Diese philosophischen Einsprengsler hat die Inszenierung aber nicht unbedingt nötig, da sie in ihrer Intensität und Auswahl der Szenen selbst genug Stoff und Lust zum Nach- und Weiterdenken bietet. Vor allem das Spiel im Stangenwald entwickelt sich als recht fiebriger und intensiver Schlagabtausch der Figuren, in deren Mittelpunkt nicht nur der sich körperlich aufreibende Platonow steht. Die Regie bietet mit dem Pferdedieb Ossip einen interessanten Gegenpol zu den um sich selbst kreisenden Figuren des Stücks. Thomas Schmauser spielt diesen außerhalb der Gesellschaft Stehenden als mystischen Kauz, einen Beobachter und Kommentator von außen, der sich den existenziellen Problemen der Figuren konsequent entzieht. Platonow bezeichnet ihn einmal als einzigen Menschen.

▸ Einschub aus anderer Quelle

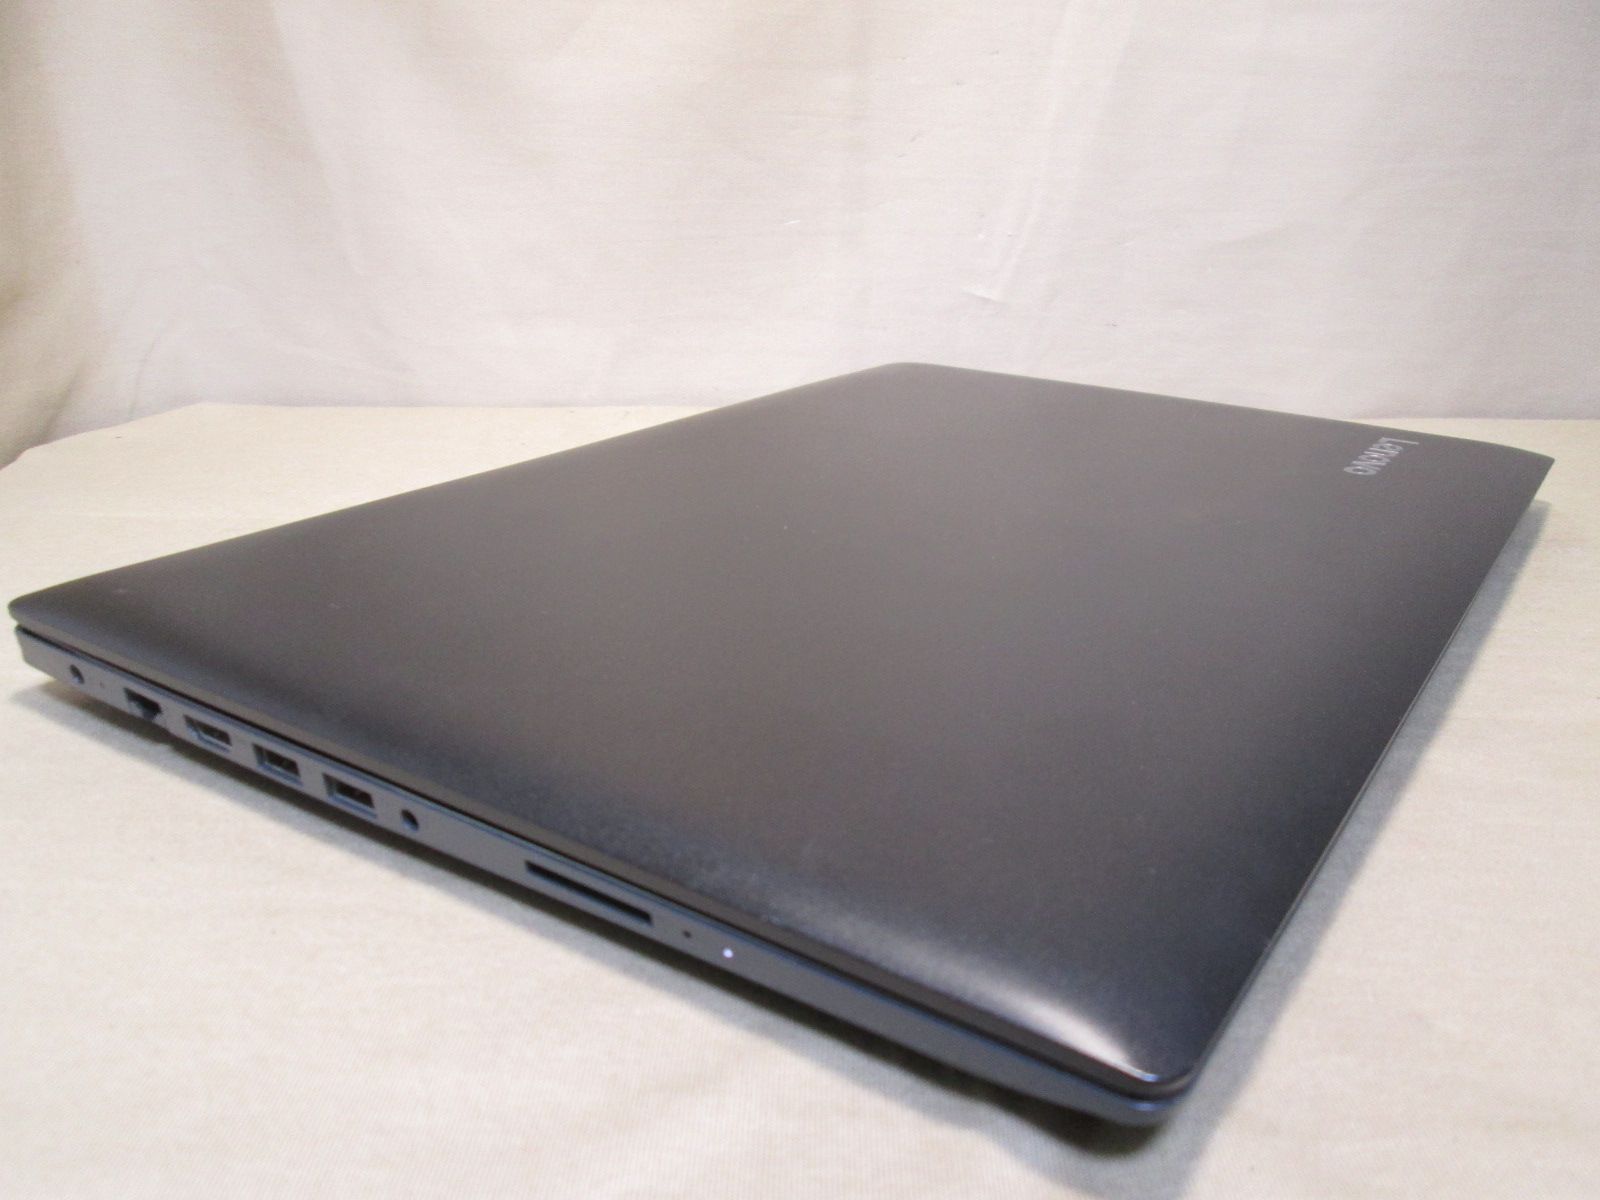 Lenovo IdeaPad 330 81D600JAJP【大容量HDD搭載】 AMD A9-9425 3.1GHz ...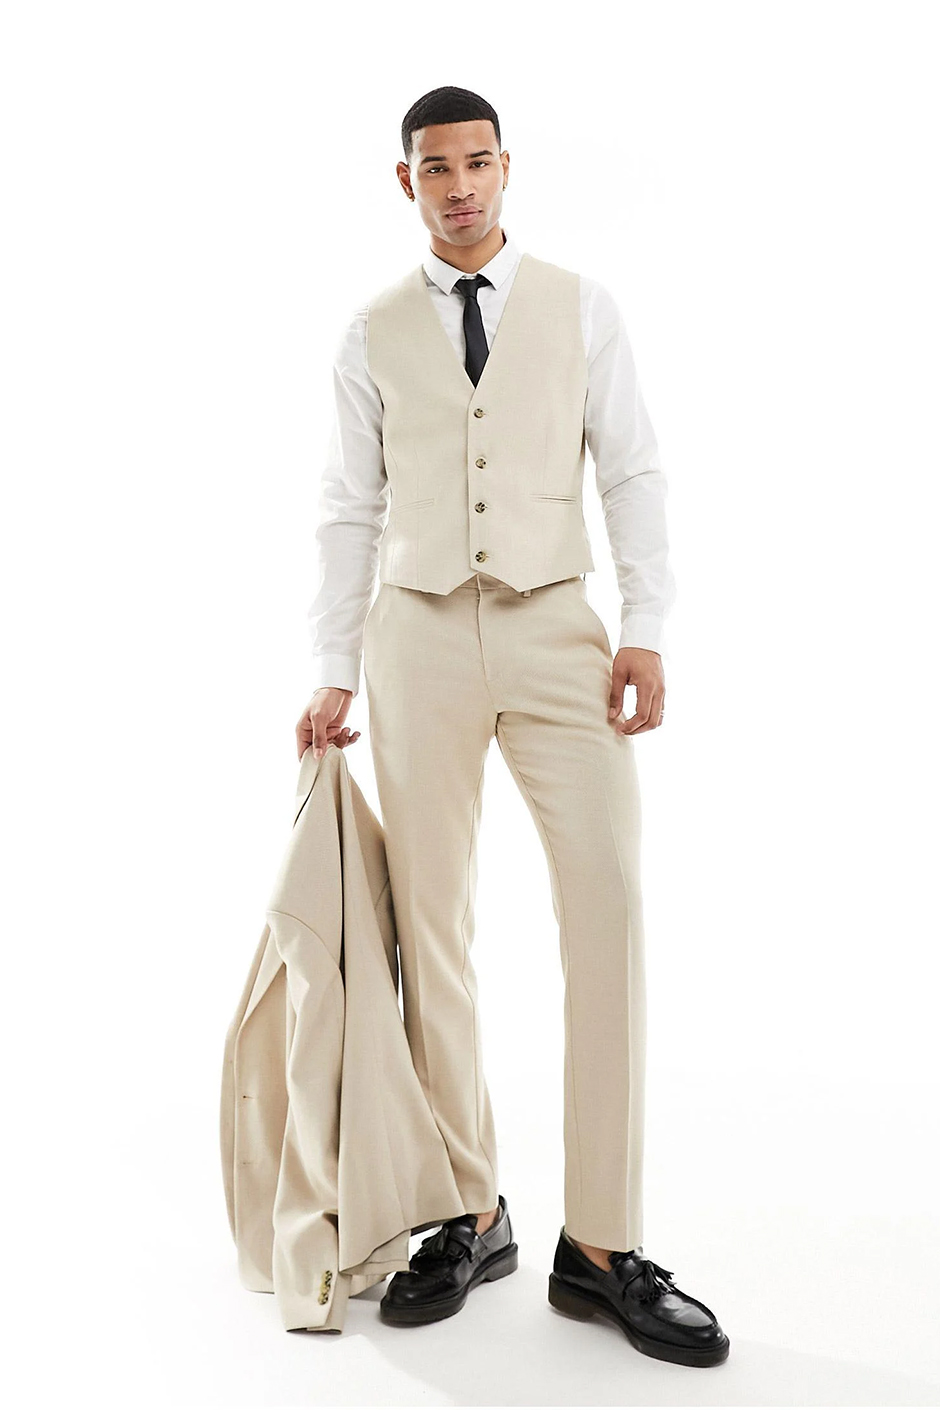 Beige slim fit groomsmen suit from Asos in natural stone shade for weddings

Nach der späten Pause findet der Abend seinen Schusspunkt in der Aburteilung Platonows durch die Frauen, die sich von dem gefühls- und entscheidungsunfähigen Mann abwenden. Da wirkt der Held relativ einsam und lost im Stangenwald. Anna Gesa-Raija Lappes Marja trägt hier einen Monolog der Dramatikerin Katja Brunner vor, in dem es um Täter-Opfer-Umkehr geht. Im Original zieht sie eigentlich ihre Anzeige wegen Beleidigung zurück. Hier wird es wohl zum Prozess kommen. Meyerhoff stellt sich mit durch die Kleidung gesteckten Stangen wie ein von Lanzen oder Pfeilen durchbohrter Märtyrer dar. Vor dem finalen Schuss macht sich noch Katharina Bach mit einem Rocksong Luft. Schauspielerisch hat der Abend einiges zu bieten, als Analyse der Gegenwart und Zukunft stellt er der Menschheit allerdings keinen allzu guten Befund aus.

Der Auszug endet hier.